Find the line in the entries below that contains "Estonia Tartu Winter". Repeat it exactly, and every line after it through the line that contains "RAI amplia offerta".

- _MATERIAL PROVIDED_:
....................
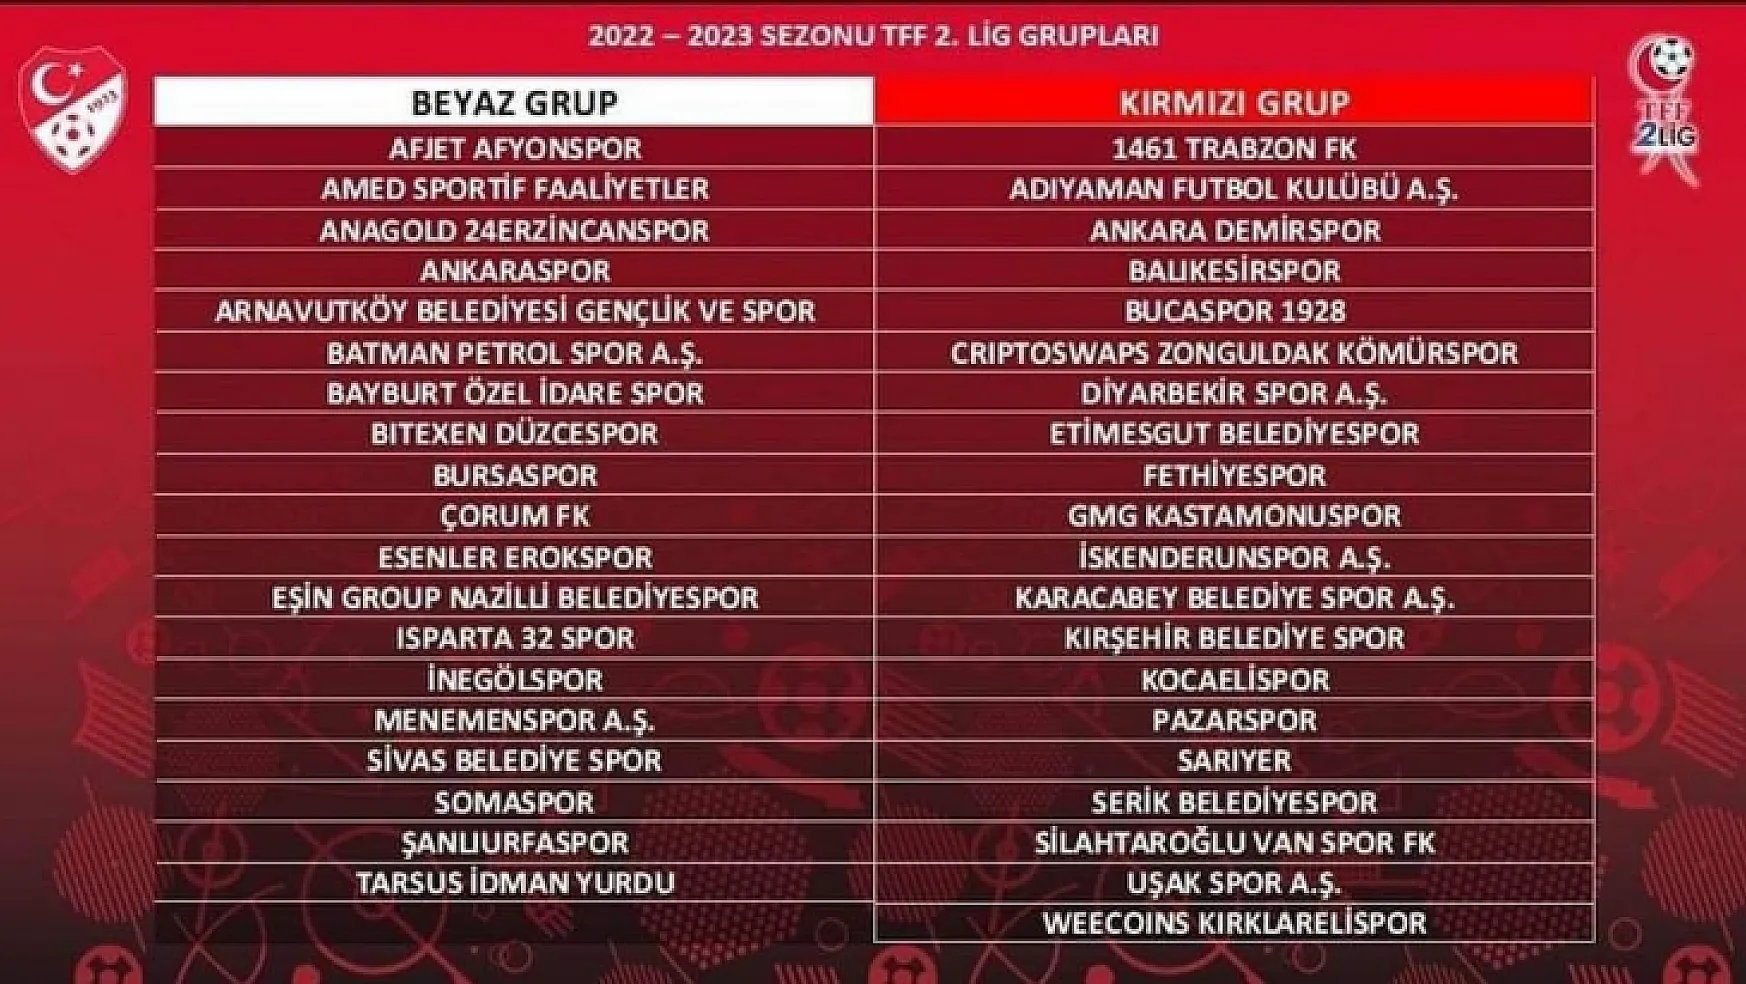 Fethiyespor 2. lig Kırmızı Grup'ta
....................
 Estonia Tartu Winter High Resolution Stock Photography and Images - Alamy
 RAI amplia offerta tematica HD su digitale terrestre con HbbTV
....................
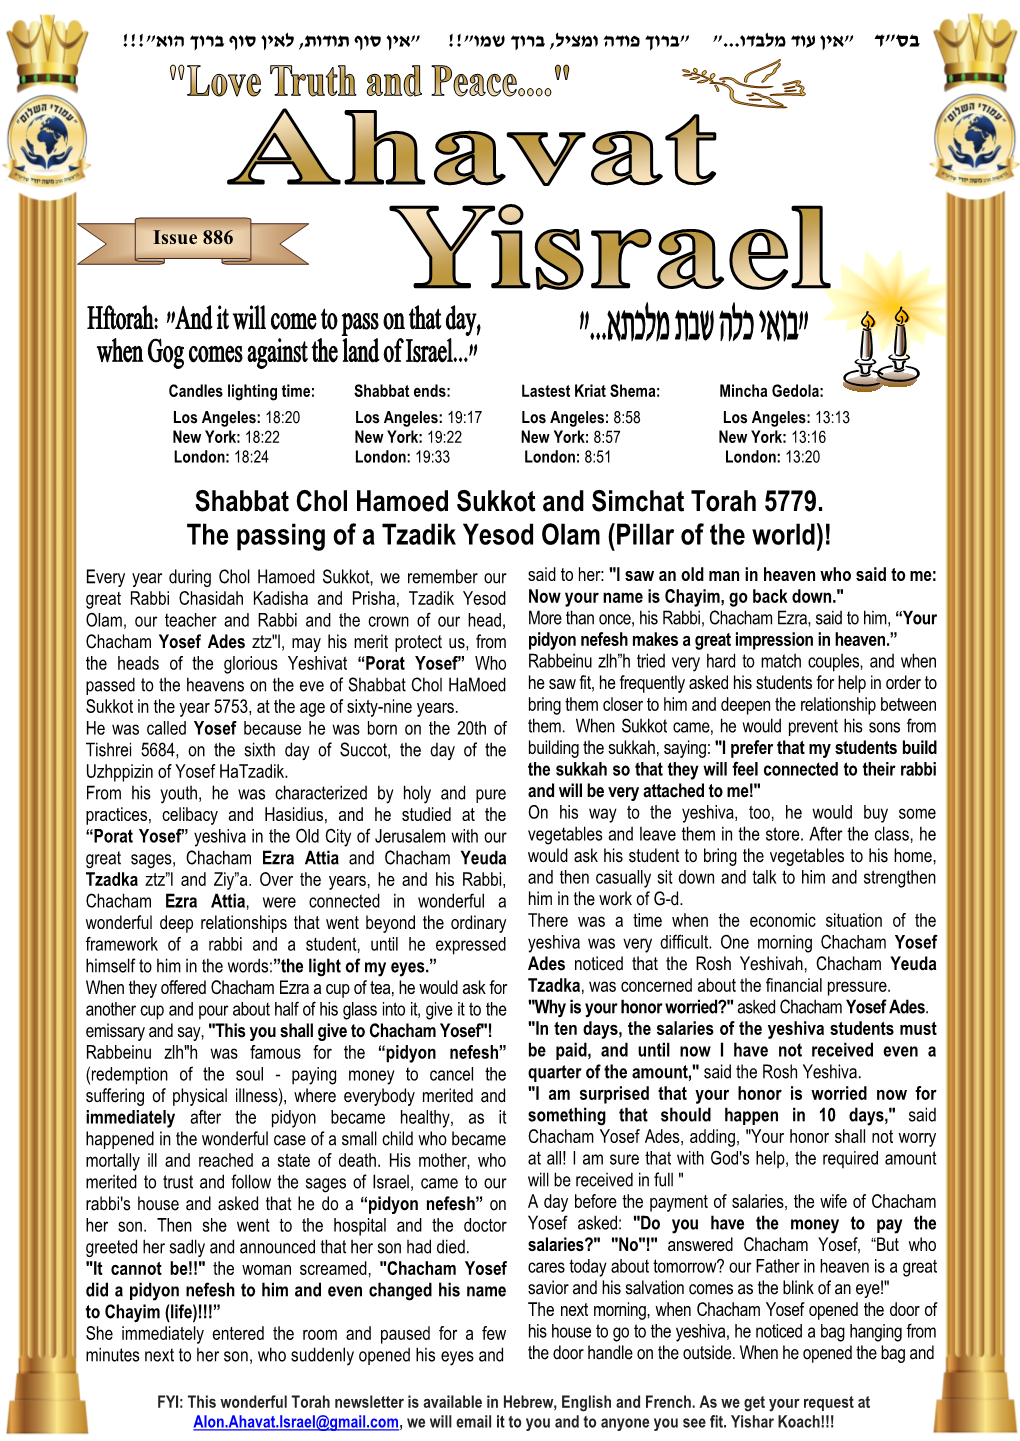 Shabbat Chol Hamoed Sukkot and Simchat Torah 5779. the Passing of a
....................
- _FINISHED TASK_:
 Estonia Tartu Winter High Resolution Stock Photography and Images - Alamy
 RAI amplia offerta tematica HD su digitale terrestre con HbbTV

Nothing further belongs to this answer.